2. Unless agreed otherwise in writing with the principal, the commissionee shall not recover the packaging.
Retention of title on, and intellectual property of,records, auxiliary materials and advice
1. Any cost budgets, plans, catalogues, images, drawings, measurements and weight indications drawn up, constructed and/or provided by the commissionee or other records belonging to offers and/or deliveries, as well as auxiliary materials such as models, moulds, stamps, matrixes and tools shall at all times remain the property of commissionee – even if the manufacturing costs have been invoiced to and paid by the principal, and must be returned upon first request.
2. Subject to written permission of commissionee, the principal guarantees that the records, auxiliary materials and information provided by commissionee shall not be copied and/or imitated, or be given to third parties, either or not for re-use, for inspection or submitted to the same.
3. The commissionee is entitled to require the cooperation of the principal in signing a confidentiality statement submitted by commissionee.
Fitting and/or installation
1. The principal shall ensure the timely and correct provision of the necessary facilities, provisions and conditions for the fitting and installation activities to be carried out by commissionee.
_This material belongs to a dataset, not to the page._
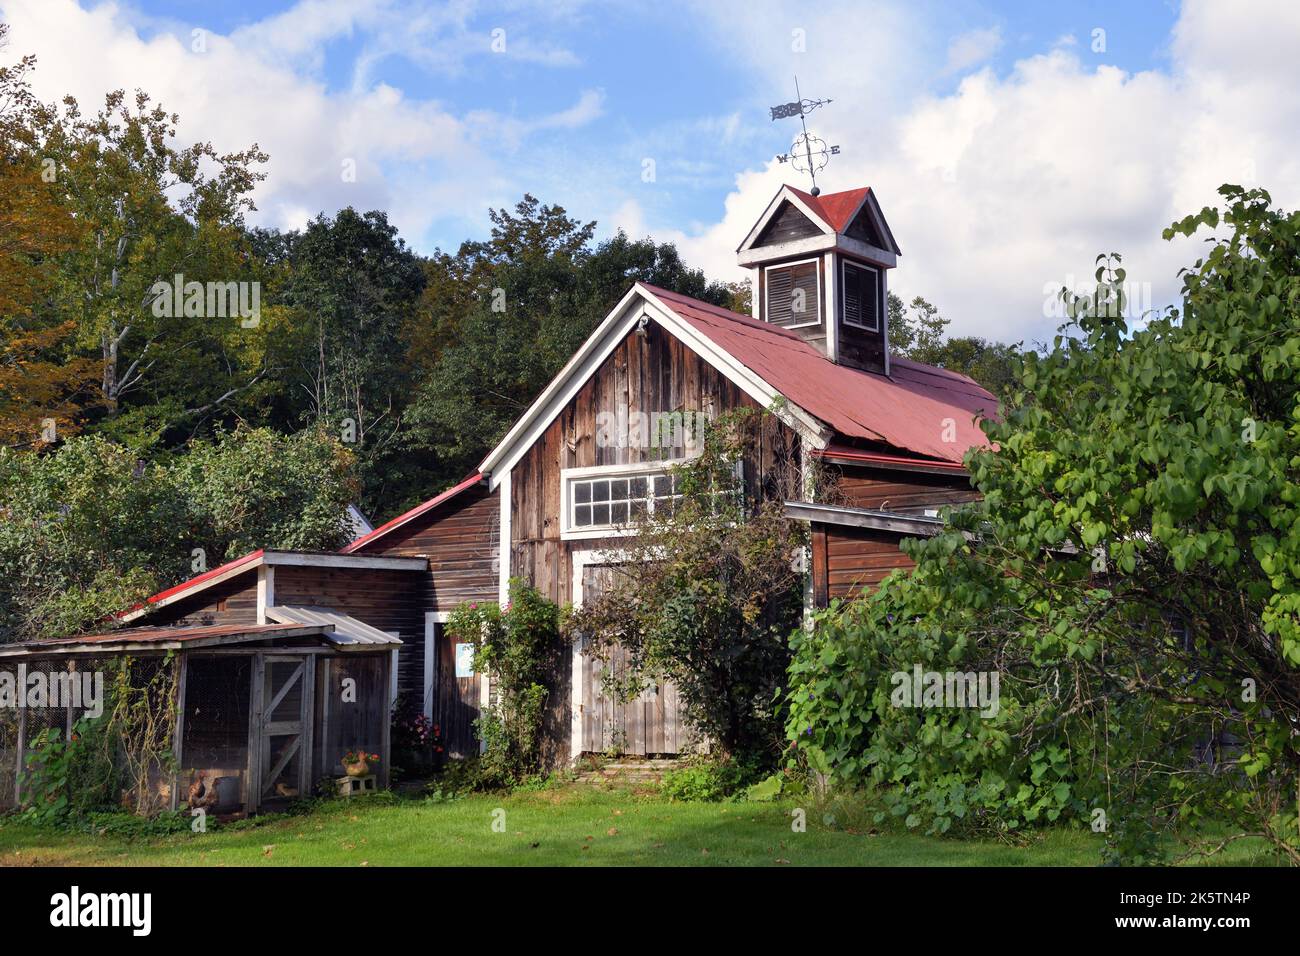 Lower Bartonsville, Vermont, USA. A rustic shed/storage barn complete with a crooked weather vane atop a roof cupola. Stock Photo

These provisions and any other activities to be carried out in this context shall at all times be for the account and risk of the principal.
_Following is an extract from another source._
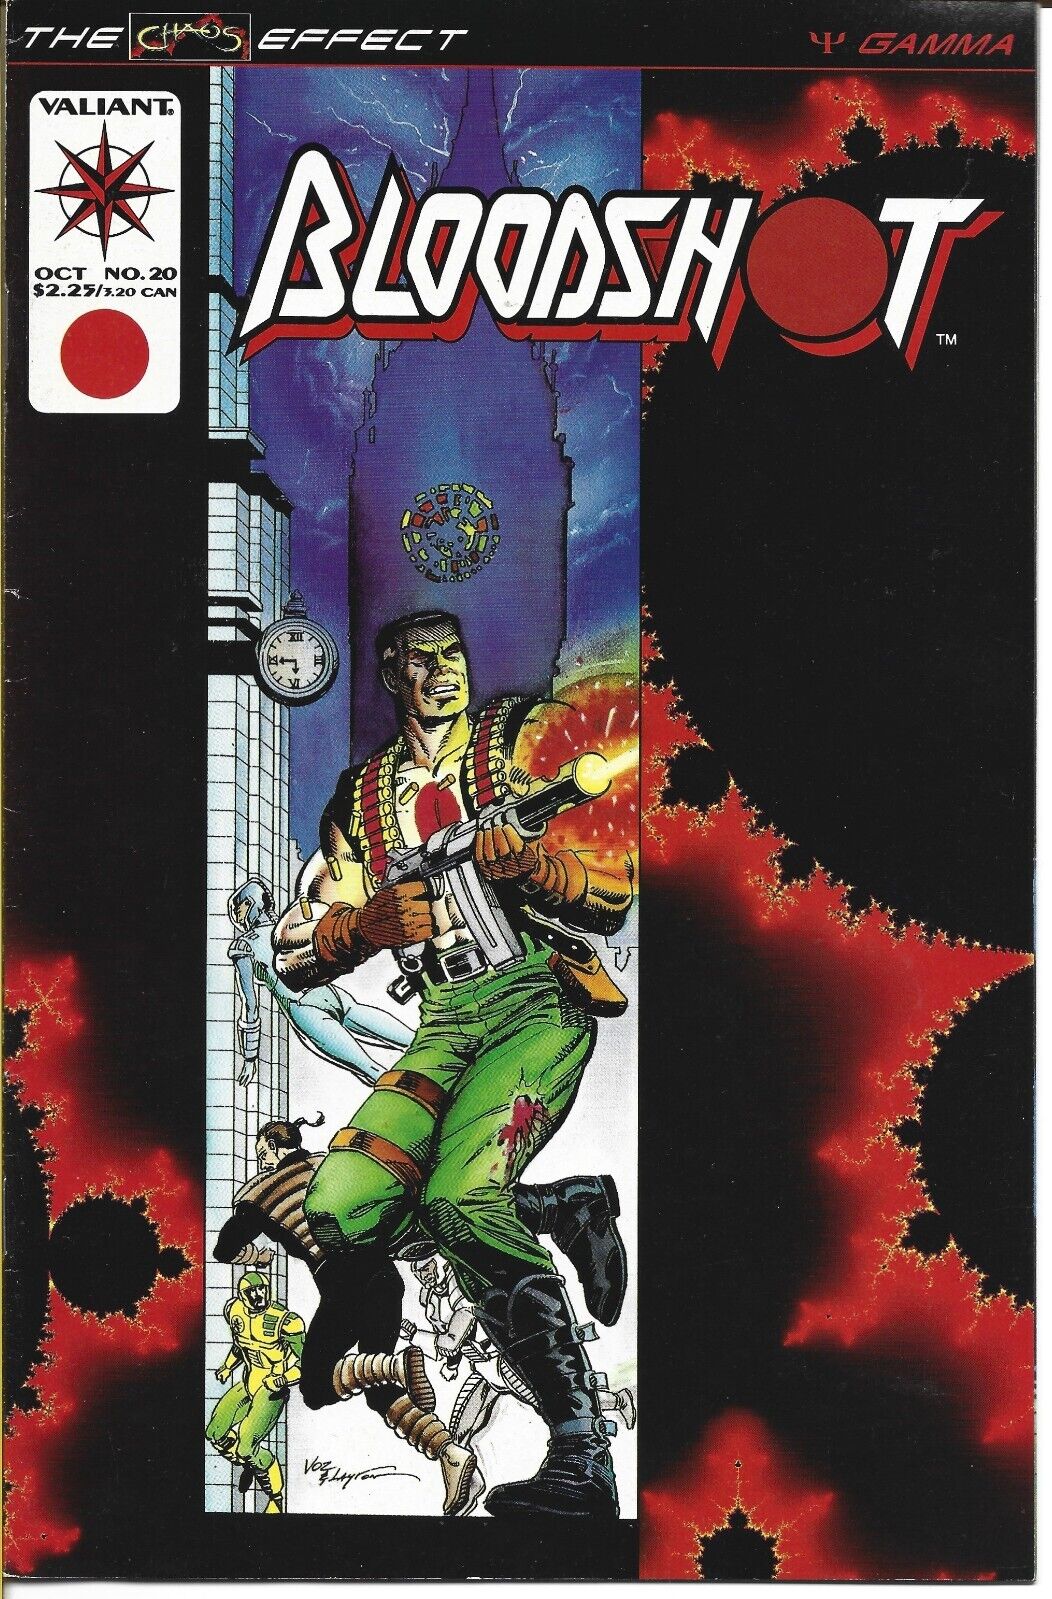 BLOODSHOT #20 VALIANT COMICS 1994 BAGGED AND BOARDED

2. The principal shall ensure, among other things, for its own account and risk that fitters of the commissionee are allowed to carry out the activities. With due regard of the necessary safety regulations and other precautions, the principal shall provide the necessary auxiliary materials and assistance, either personal or through providing employees. The principal shall ensure that there is sufficient accommodation and other personal facilities available for the employees of commissionee.
1. Travelling costs are invoiced separately to the principal. The commissionee reserves its right, in deviation of article 11, to invoice additional wage costs separately, if in the opinion of the commissionee, in deviation of the assumption provided by article 4 paragraph 1, there is a necessity to carry out the activities outside the regular working hours and/or under special circumstances.
1. The contents in the following articles regarding the delivery time shall also apply to the agreed fitting and/or installation time. What is not deemed part of the agreed fitting and/or installation is the training period of the machines, installations and the like fitted by the commissionee.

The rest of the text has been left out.